ReplyDeleteThe clock hasn't worked since he passed, and my books will probably be possessed when I pass
DeleteThank you for your comments, Steve, Michelle Willms, CJ Burright, and Nancy Jones. Good luck on winning the signed copy.
ReplyDeleteI've always been frightened by things I can't see. Funny that I love horror stories though. When I retire I plan to spend time visiting some haunted places. Never too old for a good scare.
ReplyDeletelaurathomas61@att.net
sounds scary
ReplyDeletebn100candg at hotmail dot com
Sounds like a great read for this time of year!
ReplyDeleteThanks for the chance to win!
natasha_donohoo_8 at hotmail dot com
not sure how I feel about spirits being attached to objects or buildings. But I've always loved watching shows about paranormal activity or horror films
ReplyDeletetiramisu392 (at) yahoo.com
Thanks for all the comments. Good luck on winning the signed copy of the book.
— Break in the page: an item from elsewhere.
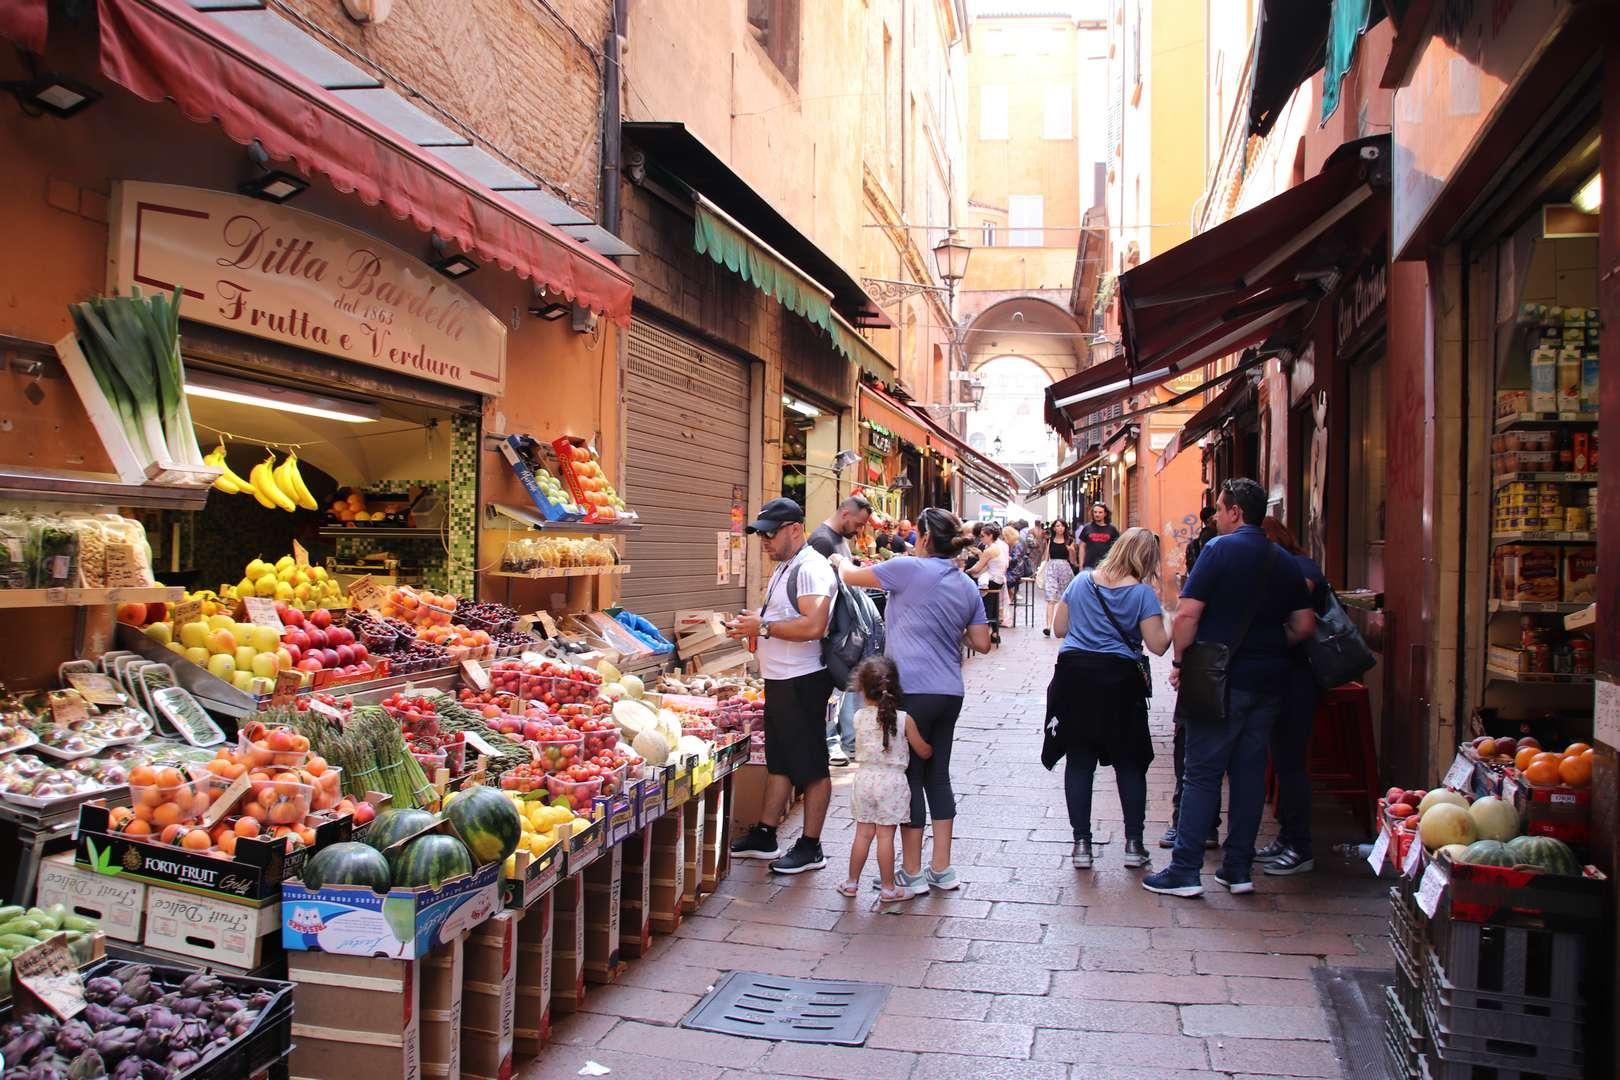 Italie - Ambiance de marché dans les rues de Bologne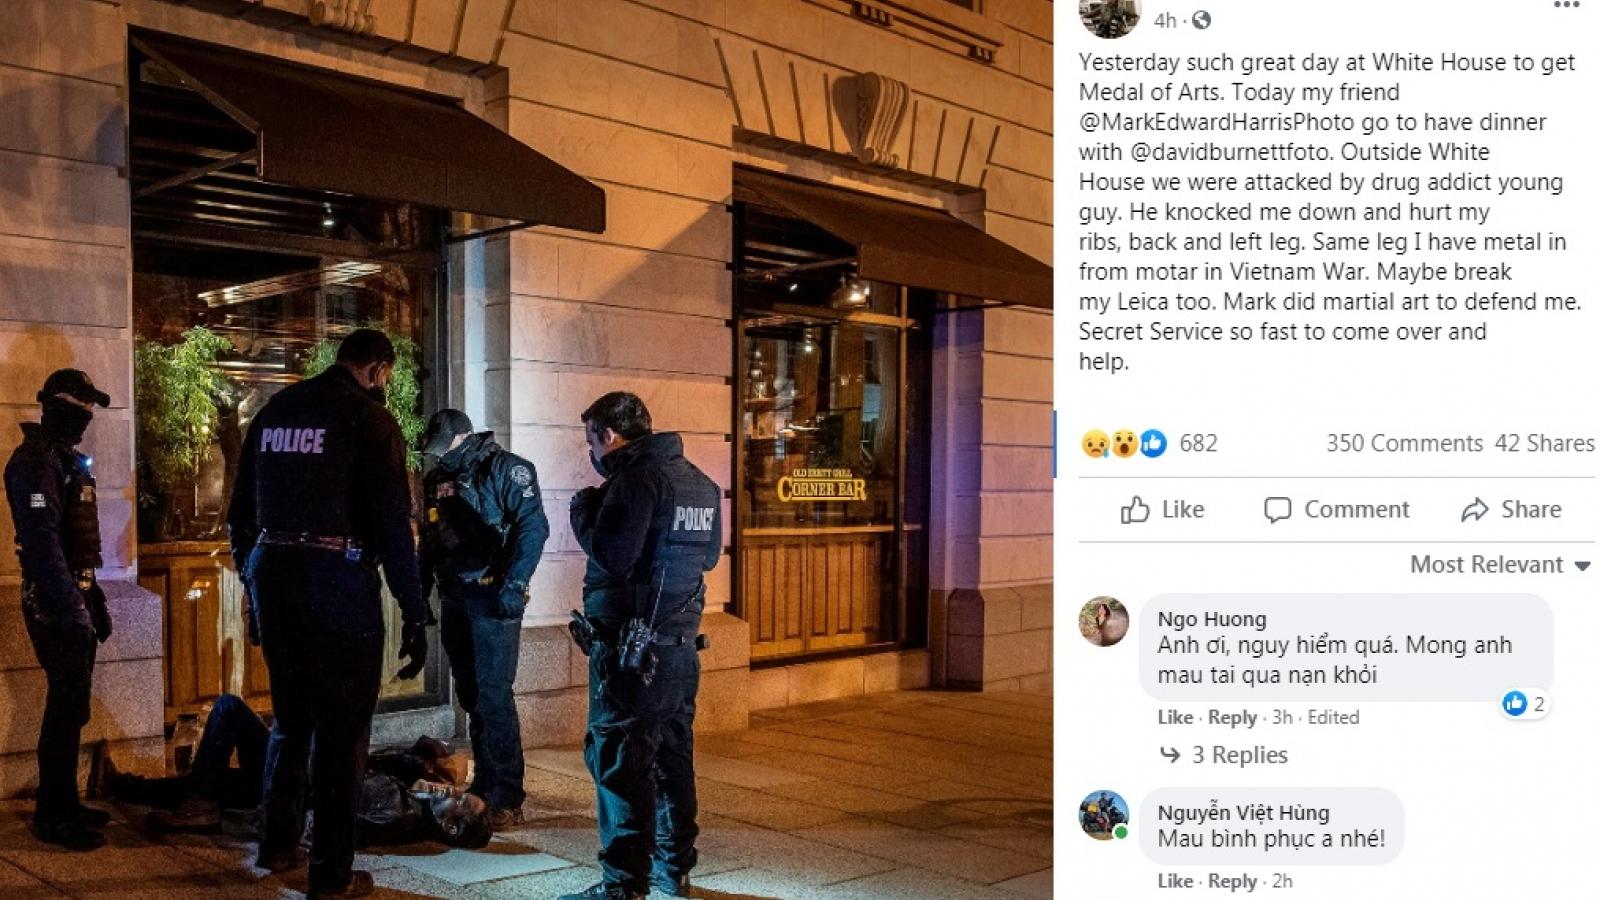 Nhiếp ảnh gia chiến trường Nick Út bị gã nghiện hành hung tại Mỹ

ReplyDeleteI too believe objects can be haunted, why not? The unknown has always been so interesting to me, I ofeten wonder when I pass if all the secrets are than unlocked. Thanks for the awesome giveaway! rimshot.bishop@gmail.com. Kim Bishop
ReplyDeleteWhat an intriguing book! Thanks for sharing the very interesting post on haunted objects.
ReplyDeletebhometchko(at)hotmail(dot)com
You're welcome, BookLady. God luck on the winning the signed copy.
ReplyDeleteTotally creepy! I love your blogs, Pamela!!!!
ReplyDeleteThank you, CJ. :-)
ReplyDeleteThe winner for this virtual book tour is CJ England. Congratulations to her.